Orin AGX TensorRT DLA export fails but conv specs are below DLA layer restrictions

Hi!

I have a conv2 layer that is rejected from DLA. Its specifications are:
Conv2d(64, 64, kernel_size=(29, 1), stride=(1, 1), padding=(28, 0), dilation=(2, 1), groups=64, bias=False)

I observed the restrictions shown here: Developer Guide :: NVIDIA Deep Learning TensorRT Documentation

Note that kernel size < 32, padding < kernel size < 31, groups < 8192 and no INT8 optimisation is used.

Attached, is a 3 layer net, in onnx format.
minimal.zip (22.9 KB)

Conv1 is the infringing layer.

The trtexec command:
/usr/src/tensorrt/bin/trtexec --onnx=minimal.onnx --saveEngine=hey.engine --useDLACore=0 --allowGPUFallback --separateProfileRun

The relevant output from trtexec command:

[01/24/2024-09:00:25] [W] [TRT] DLA compiler failed with error code: 2 while compiling layer: Conv_1. 
Hint: Try reducing the input and/or weight sizes. 
[01/24/2024-09:00:25] [W] [TRT] Validation failed for DLA layer: Conv_1. Switching to GPU fallback.
[01/24/2024-09:00:25] [W] [TRT] Splitting DLA subgraph at: Conv_1 because DLA validation failed for this layer.
[01/24/2024-09:00:25] [W] [TRT] DLA compiler failed with error code: 2 while compiling layer: Conv_1. 
Hint: Try reducing the input and/or weight sizes. 
[01/24/2024-09:00:25] [W] [TRT] Validation failed for DLA layer: Conv_1. Switching to GPU fallback.
[01/24/2024-09:00:25] [I] [TRT] ---------- Layers Running on DLA ----------
[01/24/2024-09:00:25] [I] [TRT] [DlaLayer] {ForeignNode[Conv_0]}
[01/24/2024-09:00:25] [I] [TRT] [DlaLayer] {ForeignNode[Conv_2]}
[01/24/2024-09:00:25] [I] [TRT] ---------- Layers Running on GPU ----------
[01/24/2024-09:00:25] [I] [TRT] [GpuLayer] SHUFFLE: shuffle_between_input_and_Conv_1
[01/24/2024-09:00:25] [I] [TRT] [GpuLayer] CONVOLUTION: Conv_1
[01/24/2024-09:00:25] [I] [TRT] [GpuLayer] SHUFFLE: shuffle_after_input.4
[01/24/2024-09:00:26] [I] [TRT] [MemUsageChange] Init cuBLAS/cuBLASLt: CPU +534, GPU +511, now: CPU 1108, GPU 8960 (MiB)
[01/24/2024-09:00:26] [I] [TRT] [MemUsageChange] Init cuDNN: CPU +83, GPU +73, now: CPU 1191, GPU 9033 (MiB)
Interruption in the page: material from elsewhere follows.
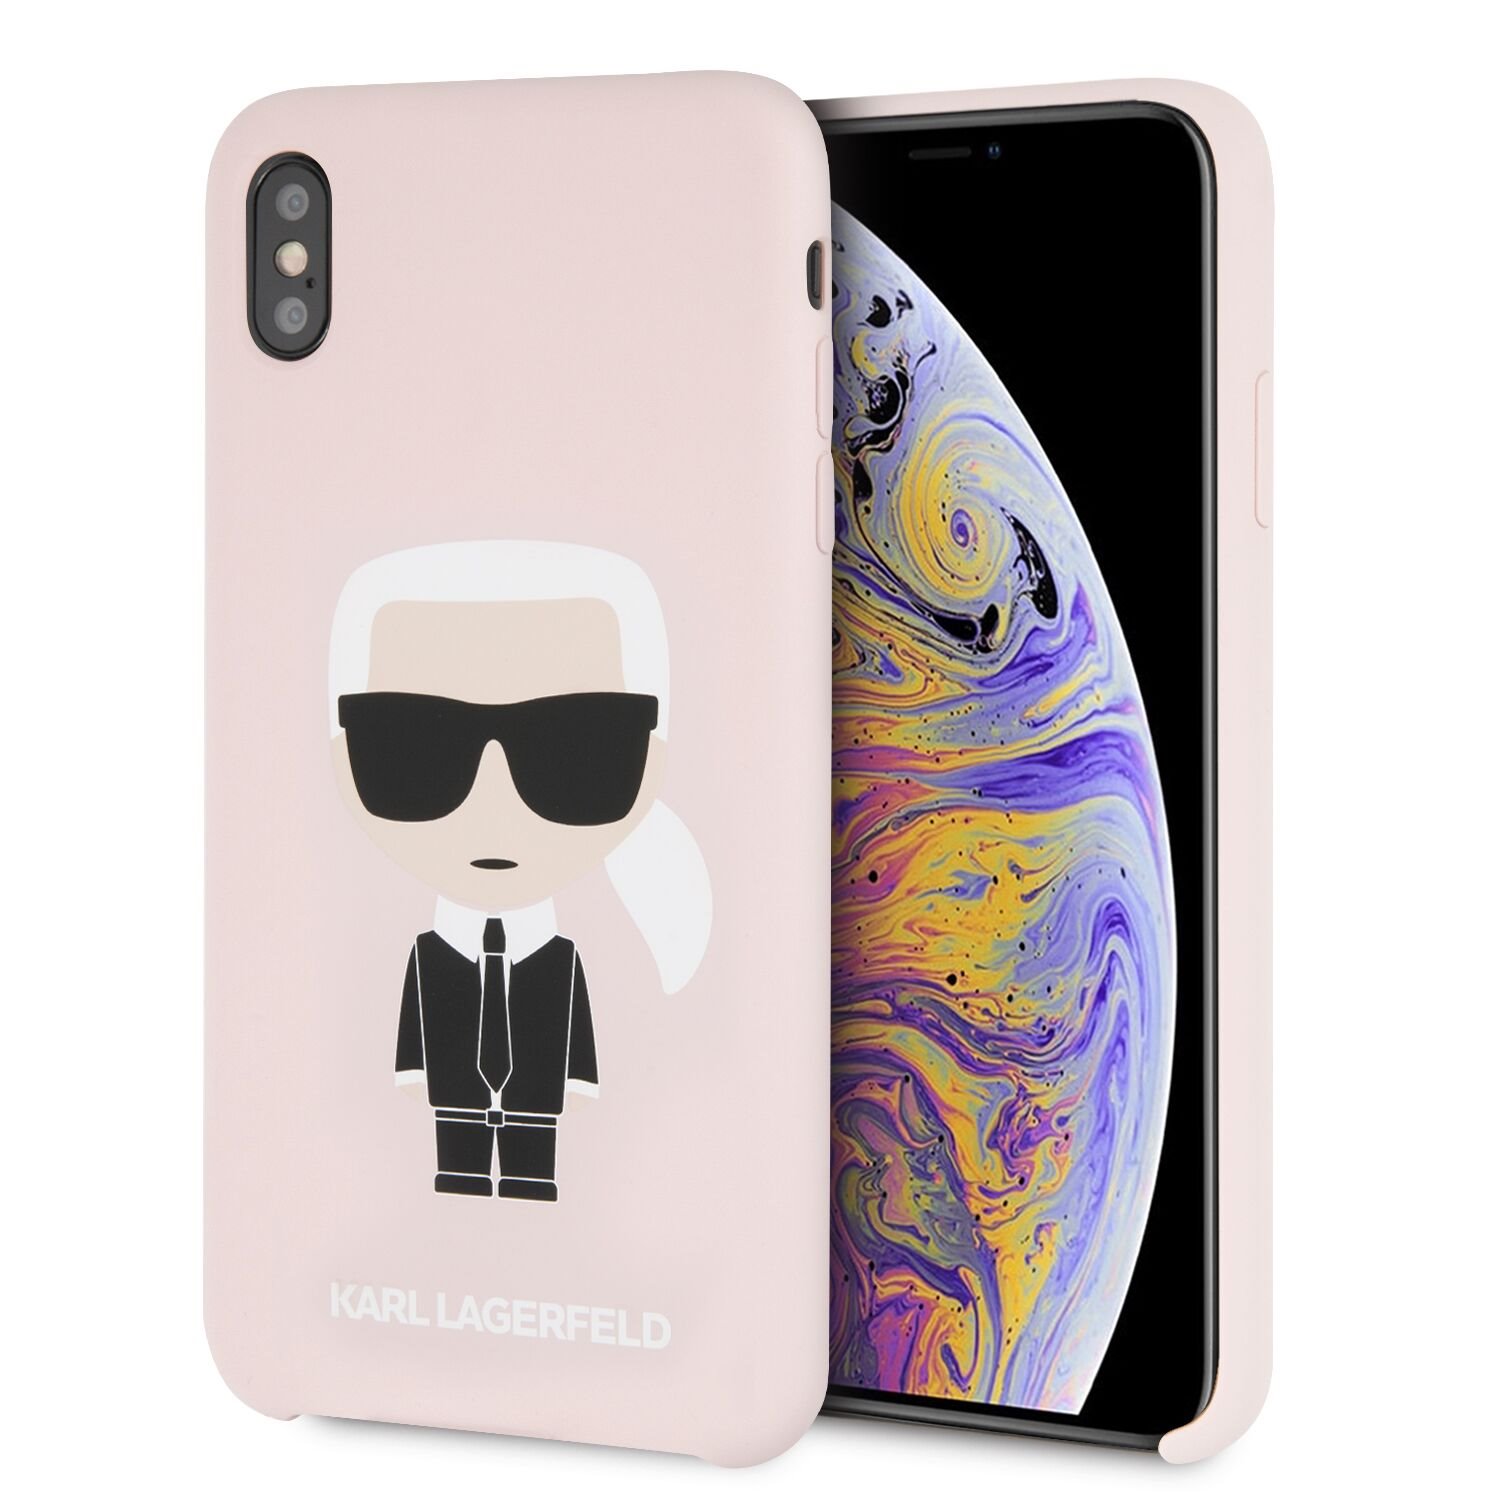 Silikónové puzdro Karl Lagerfeld Body Iconic Apple iPhone XS Max, pink

Planned workaround is to reduce the kernel size. This layer is part of a bigger network, what is here is a minimal example.

I want to know what restrictions I infringed? The error code 2 and the generic guideline are not helping much.

The system:

Jetson AGX Orin 32GB SoC: tegra23x
Ubuntu 20.04 focal
Release: 5.10.120-tegra
CUDA Arch BIN: 8.7
CUDA: 11.4.315
cuDNN: 8.6.0.166
Python 3.8.10
TensorRT: 5.1.2
L4T: 35.4.1
Jetpack: 5.1.2

Python code to generate the onnx:

    net = nn.Sequential()
    input_tensor = torch.rand(1, 64, 150, 1, dtype=torch.float32).to("cuda")
    net.append(nn.Conv2d(in_channels=64, out_channels=64,kernel_size=(1, 1), padding=(0, 0), bias=False))
    net.append(nn.Conv2d(in_channels=64, out_channels=64,kernel_size=(29, 1), padding=(28,0), dilation=(2, 1), groups=64, bias=False))
    net.append(nn.Conv2d(in_channels=64, out_channels=1, kernel_size=(1, 1), bias=False))
    net.to("cuda")
    out = net(input_tensor)
    assert out is not None
    torch.onnx.export(net, input_tensor, onnx_file_name, verbose=True)

Cheers,
Cristi

Hi,

Would you mind testing it with JetPack 6.0DP?
The DLA library is upgraded to 3.14 with several supports added.

Thanks.

1 Like

Unfortunately I did not have the time to test it. Will re-open/re-create the issue if the task list reaches it.